Fog Creek didn't really rewrite anything. In fact, that was the whole point of Wasabi, to not rewrite anything.

Wasabi did extend VBScript to add objects and other language features, which were gradually incorporated into the code base, but just on changes going forward.

So, really, it is almost exactly the same thing.

Except for the part where Facebook runs this in a production environment to serve hundreds of millions of requests and Wasabi is a toy.

Except for the part where Wasabi powers FogBugz, the main product of Fog Creek Software, and enough people pay for this software to keep that company running very profitably for 10+ years.

Hmmm, getting nasty there

Both companies had huge investments in a code base and found a geeky way to keep their code base while reaping modern benefits.

Most things are toys compared to face book, Google or Twitter. That doesn't make them pointless.

What is nasty about pointing out this difference in scope?

Wasabi is an app-specific dialect of VBScript used by one company to deploy a bug tracker to small teams. HipHop is a general-purpose PHP compiler whose output is used at scale by the world's largest social networking site.

I can write a file system that will work fine on my computer, with my workload, and maybe even write an essay about how productive that makes me. But I don't think you'd want to install it.

These two projects are not in the same league - they're not even in the same sport - and so I am baffled to see Wasabi come up in this thread at all.

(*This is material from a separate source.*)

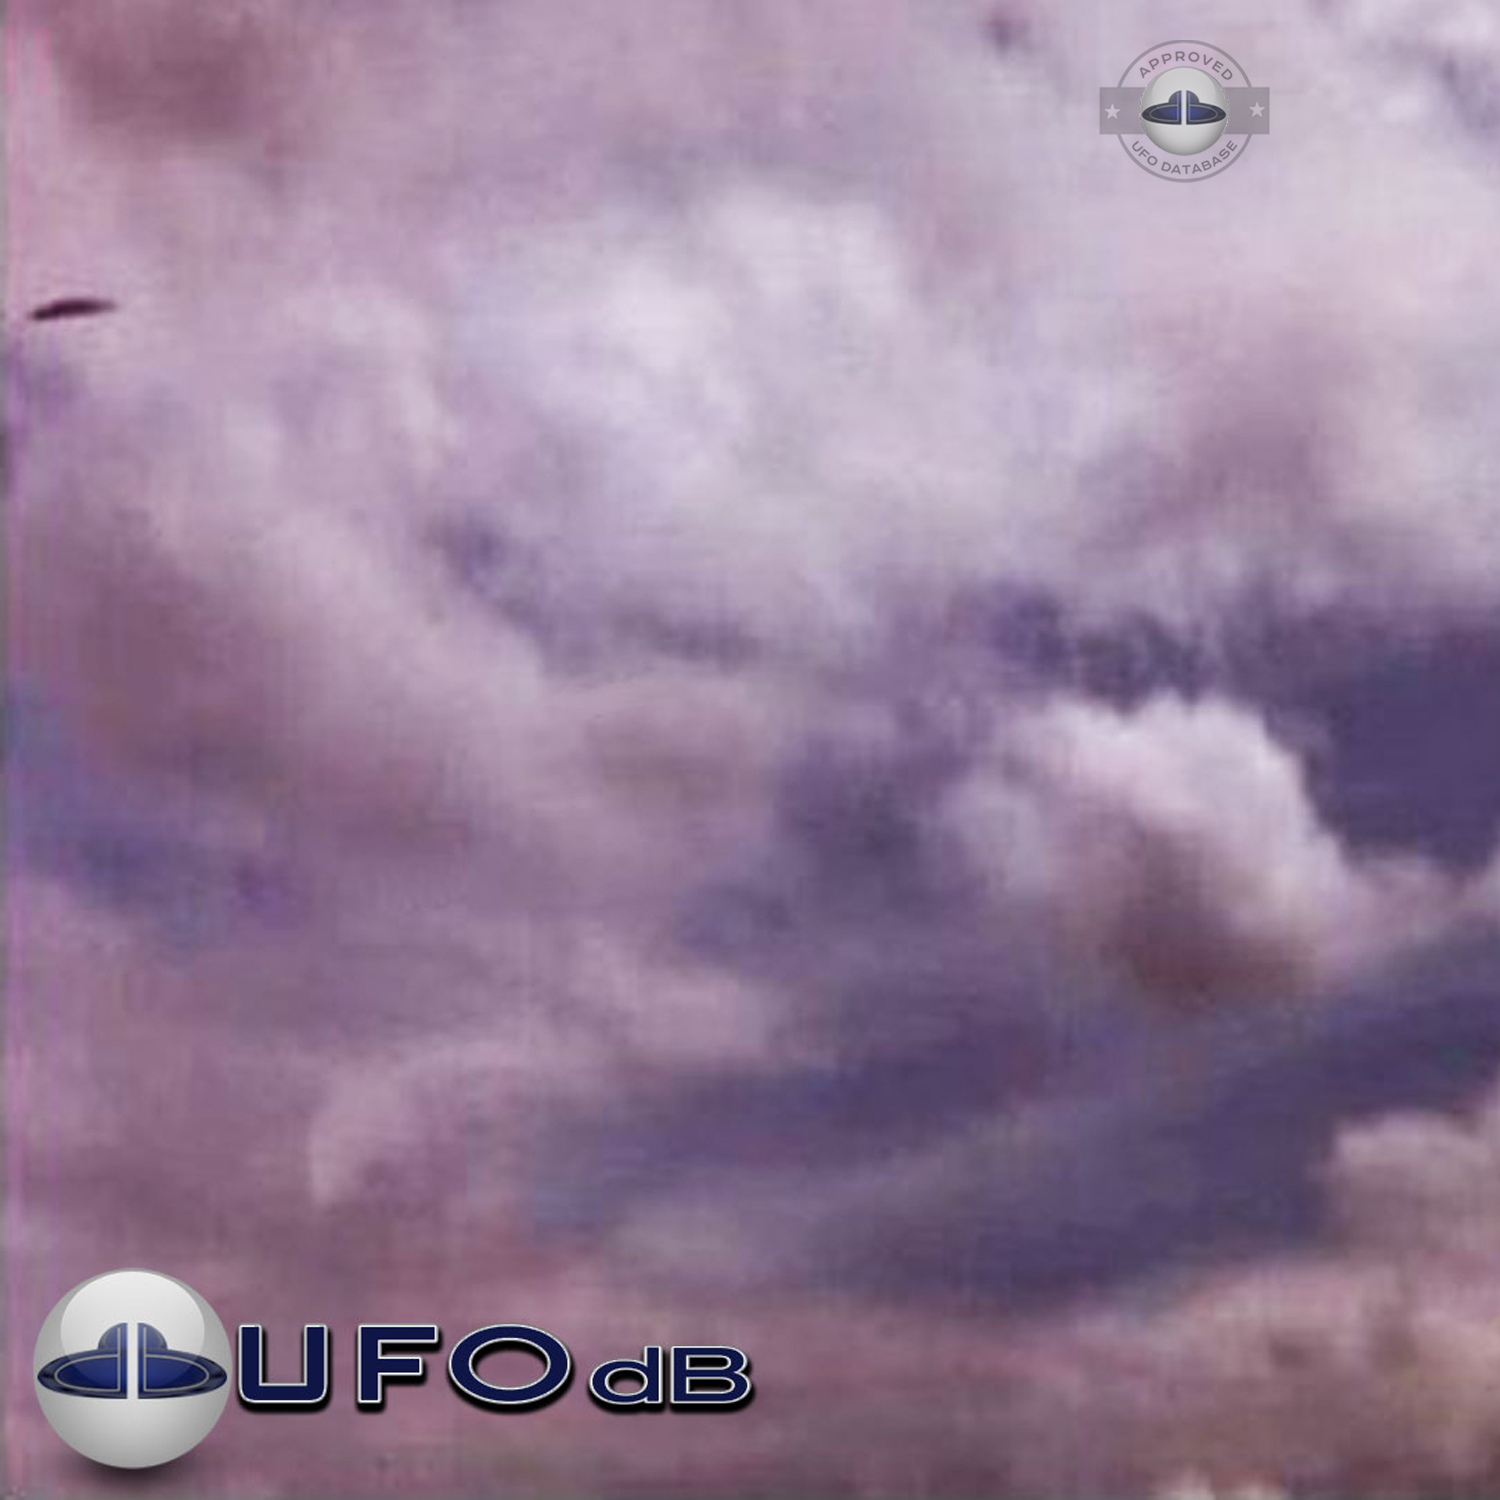 Rudi Nagora heard a strange noise and saw a shinning silver UFO UFO Picture #81-2

You've introduced a new idea here by comparing FogBugz to Facebook.

Those earlier comments are comparing the strategy that Fog Creek took versus the one that Facebook has taken. The strategies are similar, and so the comparison makes sense.

It should be noted that Wasabi is a general purpose programming language. It is Turing complete (up to relatively trivial finite-memory issues, just like any other general purpose programming language). Like C, for example. It should also be noted that Wasabi is a .NET language. It has full access to the .NET Framework and all of its classes.

One could use Wasabi to write a C compiler.

[NB: I am a Fog Creek developer, working on the FogBugz team.]

What is nasty about pointing out this difference in scope?

In this case, your tone.

[citation needed]

What evidence do you have that Wasabi is a toy? I seriously doubt you have any knowledge on the topic either way.

Actually, the point of Wasabi was to avoid rewriting anything.

Whats even worse is fog creek uses .net now, so it even makes less sense to have your own proprietary language.

So it converts PHP into C++?!? Woaw.

Joey Lawrence?!

I see this as being useful if you already have these two things:

1) A large PHP codebase and

2) A CPU-bound app with scaling issues

If you're starting a new app, I don't see why you would choose PHP. And I think most web apps are database-bound rather than CPU-bound. HipHop seems incredibly useful for Facebook, but are other people here on HN excited about using it?

I think this is where many run into issues with this story. This project was never really meant to be something to help the PHP community as a whole. It was meant to be a tool to help Facebook and to that end they've succeeded very well. 3 engineers + 2 years = 50% CPU improvement without having to rewrite the whole PHP codebase from scratch? That's a great achievement for Facebook but YMMV.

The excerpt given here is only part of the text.